This repository contains the official implementation of Deepred-Mt, along with instructions for reproducing results presented in "Deepred-Mt: Deep Representation Learning for Predicting C-to-U RNA Editing in Plant Mitochondria", by A. A. Edera, I. Small, D. H. Milone, and M. V. Sanchez-Puerta. Download PDF.
In land plants, the editosome is a highly sophisticated molecular machine able to convert post-transcriptionally cytidines into uridines (C-to-U) at highly specific RNA positions called editing sites. This RNA editing seems to be partially governed by cis elements, which still remain recalcitrant to characterization.
Deepred-Mt is a novel neural network able to predict C-to-U editing sites in angiosperm mitochondria.
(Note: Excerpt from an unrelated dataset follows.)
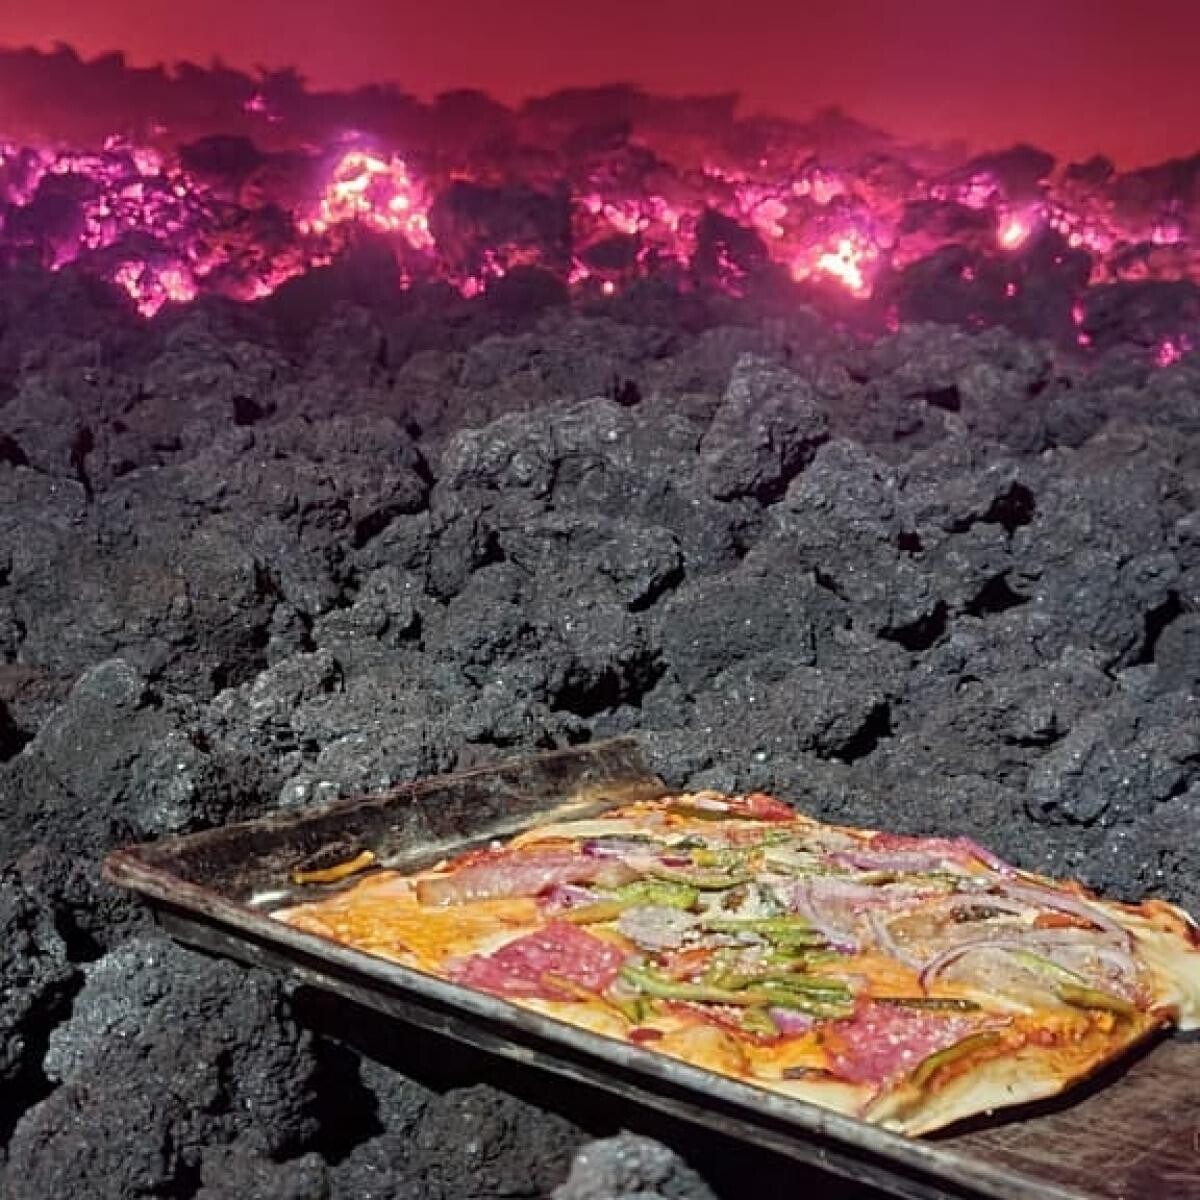 Un fost contabil prepară pizza vulcanică, pe lavă incandescentă, sursa foto Instagram

Given an RNA sequence, consisting of a central cytidine flanked by 20 nucleotides on each side, Deepred-Mt scores how probable its editing is.
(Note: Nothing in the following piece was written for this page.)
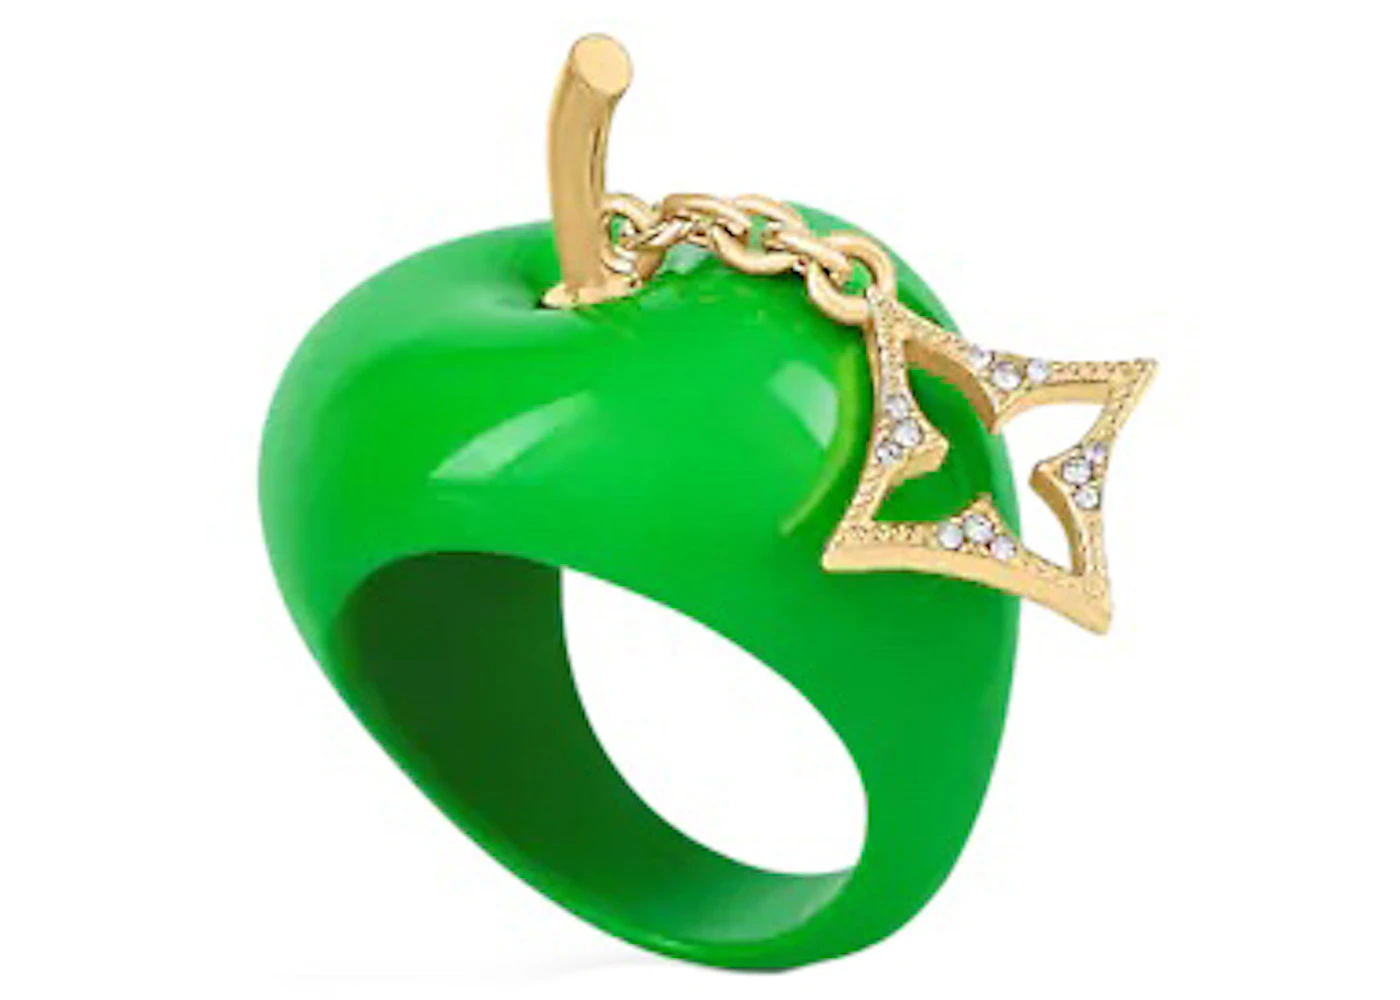 Louis Vuitton LV Fruits Apple Ring Medium Green in Enamel/Metal - US

The score is computed from complex cis elements or motifs automatically extracted from the flanking bases by a multi-layer convolutional neural network, whose full architecture is schematically shown below.
To submit RNA/DNA sequences for predicting their C-to-U editing sites with Deepred-Mt, use the following link:
Note 1: To be able to submit, you must be logged in with a Google Account (e.g., Gmail).
Note 2: If difficulties are experienced when submitting sequences, try to use Google Chrome as the web browser.
If you encounter problems when submitting sequences please report an issue.
To install Deepred-Mt on your computer, the following dependencies must be installed:
First, create and activate a new Conda environment
conda create -n deepredmt python=3.7
conda activate deepredmt
Next, install Deepred-Mt from the sources
pip install -U "deepredmt @ git+https://github.com/aedera/deepredmt.git"
Once installed, Deepred-Mt can be executed on the command line to predict
C-to-U editing sites from a desired FASTA
file. Here
is an example FASTA file called seqs.fas
:
deepredmt seqs.fas
This command extracts cytidines from the FASTA file to make predictions based on their surrounding nucleotides.
The following notebooks reproduce experiments in the article.
The experiments reported in the manuscript used three datasets built from these FASTA files, extracted from nucleotide sequences encoding mitochondrial proteins from 21 plant species. In these files, 'E' nucleotides indicate C-to-U editing sites identified by using published RNAseq data, obtained from the European Nucleotide Archive.
Dataset | Description |
---|---|
Training data | 41-bp nucleotide windows whose center positions are either unedited (C) or edited (E) cytidines. Nucleotide windows are labeled according to both the nucleotide in their central positions (0/C, 1/E) and their corresponding editing extents (a value ranging from 0 to 1) |
Task-related sequences | Sequences used for the augmentation strategy proposed in the article. These sequences are 41-bp nucleotide windows whose center positions are thymidines homologous to one of the editing sites in the training data |
Control data | Control data containing fake editing signal "GGCG" within the downstream regions of nucleotide windows that are labeled as 1 (edited) |
More information on the data format is provided here.
In our experiments, Deepred-Mt was compared to two state-of-the-art methods for predicting editing sites: PREP-Mt and PREPACT. The following figure shows precision-recall curves obtained from the predictions of each method. Deepred-Mt achieves the highest F1 scores and the best areas under the curves (AUPRC) for two predictive scenarios: one excluding synonymous sites (dashed lines) and other including them (solid lines).
Method | Excluded | Included | ||
---|---|---|---|---|
AUPRC | F1 | AUPRC | F1 | |
PREPACT | 0.91 | 0.89 | 0.79 | 0.82 |
PREP-Mt | 0.88 | 0.91 | 0.76 | 0.84 |
Deepred-Mt | 0.96 | 0.92 | 0.91 | 0.86 |
Contributions from anyone are welcome. You can start by adding a new entry here.
Deepred-Mt is licensed under the MIT license. See LICENSE for more details.